In Kwong, the court held that the mandatory postponement period for the COVID-19 disaster began on January 20, 2020, and ended on July 10, 2023, which was 60 days after the May 11, 2023, end of the COVID-19 disaster period. The postponement enabled the taxpayer to file a claim for refund for penalties paid with respect to the COVID-19 disaster period. Under that reasoning, tax filing and payment deadlines falling within the COVID-19 disaster period were postponed from January 20, 2020, until July 10, 2023, potentially affecting penalties, interest, refund claim deadlines, and refund suit deadlines.

Although Kwong is favorable to taxpayers, the IRS has appealed the decision and the issue remains unsettled. Accordingly, taxpayers should evaluate potential claims now because the law may remain unsettled while refund limitation periods continue to run and in certain cases may expire after July 10, 2026.

Background: Section 7508A(d) and the COVID-19 Disaster Period

Section 7508A generally authorizes the Secretary of the Treasury to postpone certain tax-related deadlines for taxpayers affected by federally declared disasters and to disregard the postponement period in determining interest, penalties, additions to tax, and the amount of any credit or refund. Congress added a mandatory postponement rule in 2019, and the Court of Federal Claims in Kwong held that the 2019 version of Section 7508A(d)—not the narrower 2021 amendment to Section 7508A that became effective on November 15, 2021—governs the COVID-19 disaster period. Under the 2019 version of Section 7508A, the mandatory period ran from “the earliest incident date” specified in the disaster declaration to “60 days after the latest incident date,” and Kwong concluded that the COVID-19 disaster period began on January 20, 2020, and ended May 11, 2023, with the additional 60 days extending the date to July 10, 2023.
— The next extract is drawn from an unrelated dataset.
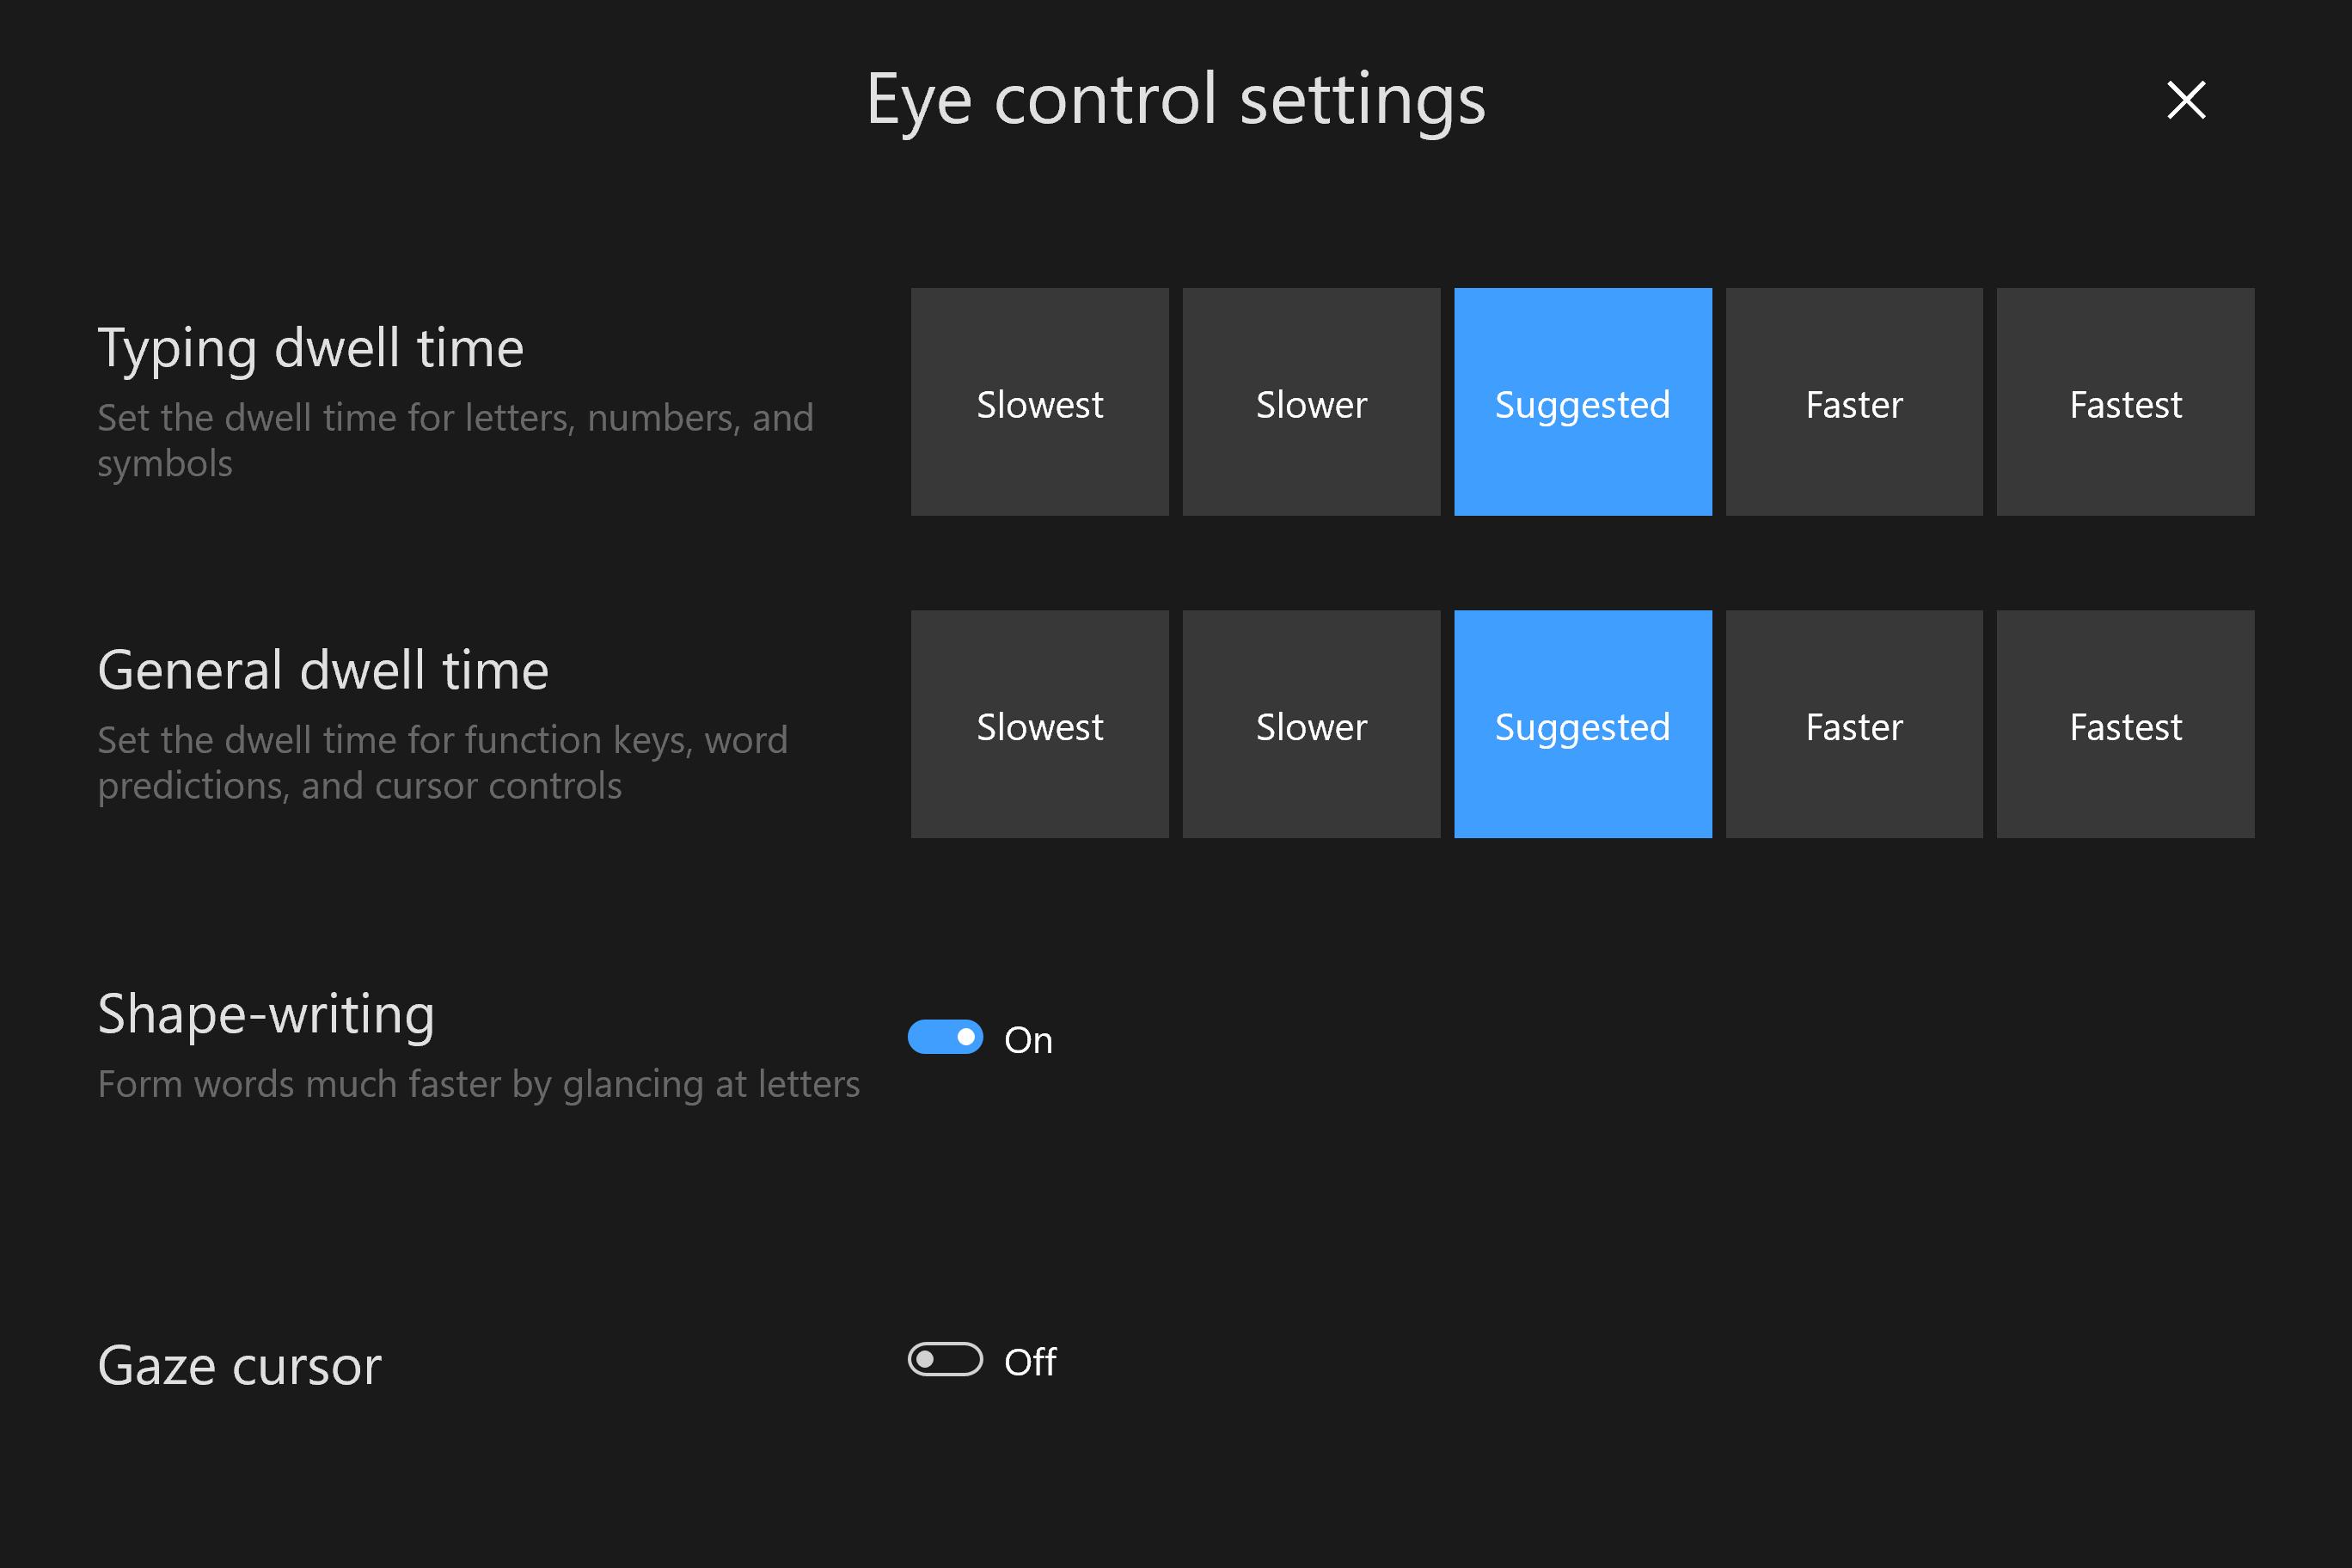 Eye Control settings fn page

What Relief May Be Available

Under the reasoning of Kwong, taxpayers may file claims for refund or claims for abatement of penalties assessed for failure to timely file returns, failure to pay taxes, or failure to make estimated tax payments during the COVID-19 disaster period. Taxpayers may also have claims for refund or claims for abatement for interest that began accruing during the COVID-19 disaster period. The National Taxpayer Advocate has described the affected population as including individuals, small businesses, large corporations, estates, and trusts, and has stated that the issue may reach income, employment, estate, gift, and excise tax obligations.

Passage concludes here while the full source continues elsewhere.